I manually check and cleaned NFS share before every try...

Please inspect what's going on...

Version-Release number of selected component (if applicable):
vdsm-4.15.0-78.git349f848.el6.x86_64

How reproducible:
???

Steps to Reproduce:
1. add first data domain
2.
3.

Actual results:
fail, fail, fail... then it was successfully added

Expected results:
work out of the box

Additional info:
my DC is 3.4 version/CL is 3.4 version as well

Comment 1 Allon Mureinik 2014-06-14 10:50:35 UTC

Fede, could this be related to your refactoring in the pool metadata handling? Please take a look.

Comment 2 Daniel Erez 2014-06-18 14:54:43 UTC

According to the described scenario, it looks like a duplicate of bug 1109156 (should probably be included in 3.5 alpha-3 build).

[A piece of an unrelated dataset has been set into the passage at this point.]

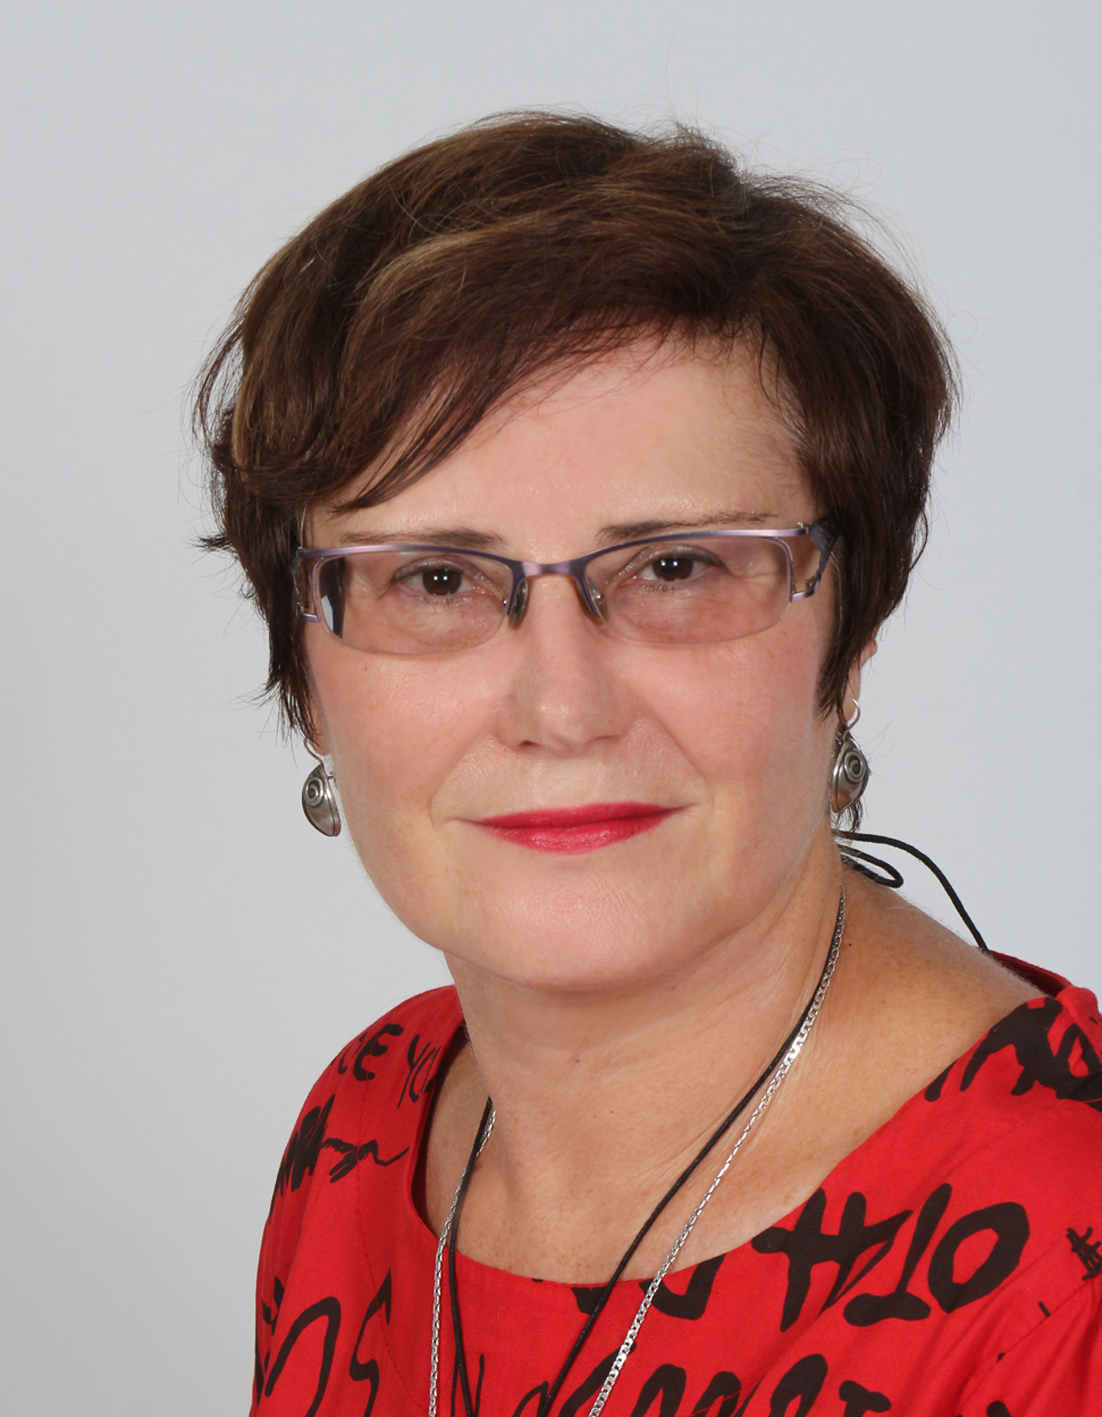 Галинка Чавдарова
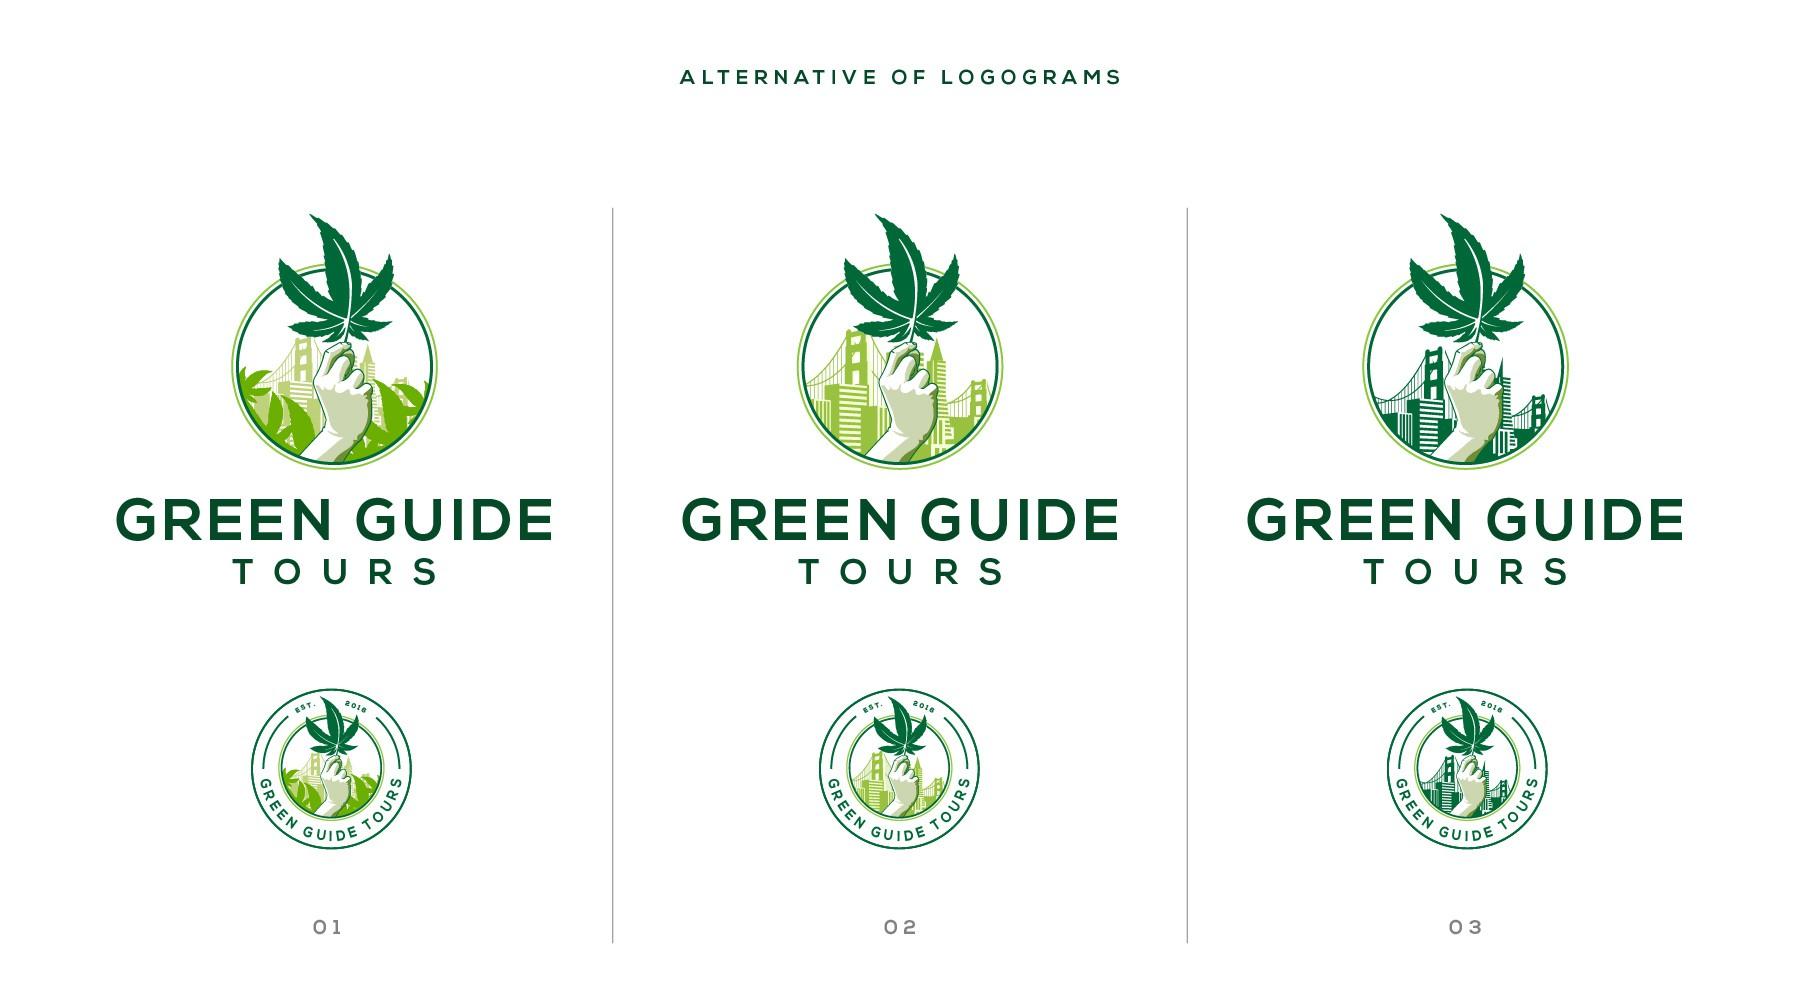 CA's #1 MARIJUANA TOUR - Leaders in Cannabis Experiences.

Comment 3 Federico Simoncelli 2014-07-14 10:59:53 UTC

I haven't been able to reproduce this (never noticed in my environment) and I couldn't find any vdsm log attached.

Can you please try to reproduce and ping me to debug the issue together?
Thanks.

Comment 4 Daniel Erez 2014-07-14 11:28:26 UTC

(In reply to Daniel Erez from comment #2)
> According to the described scenario, it looks like a duplicate of bug
> 1109156 (should probably be included in 3.5 alpha-3 build).

Sorry, meant duplicate of bug 1107945.

Comment 5 Federico Simoncelli 2014-07-14 11:31:28 UTC

(In reply to Daniel Erez from comment #4)
> (In reply to Daniel Erez from comment #2)
> > According to the described scenario, it looks like a duplicate of bug
> > 1109156 (should probably be included in 3.5 alpha-3 build).
> 
> Sorry, meant duplicate of bug 1107945.

Thanks. Tracking bug 1107945 state in order to verify this scenario as well.

Comment 6 Jiri Belka 2014-07-24 11:49:14 UTC

I can't reproduce with ovirt-3.5.0-beta1.1.

Comment 7 Jiri Belka 2014-07-24 11:51:25 UTC

#6 is valid anyway ;)

Comment 8 Sandro Bonazzola 2014-10-17 12:24:25 UTC

oVirt 3.5 has been released and should include the fix for this issue.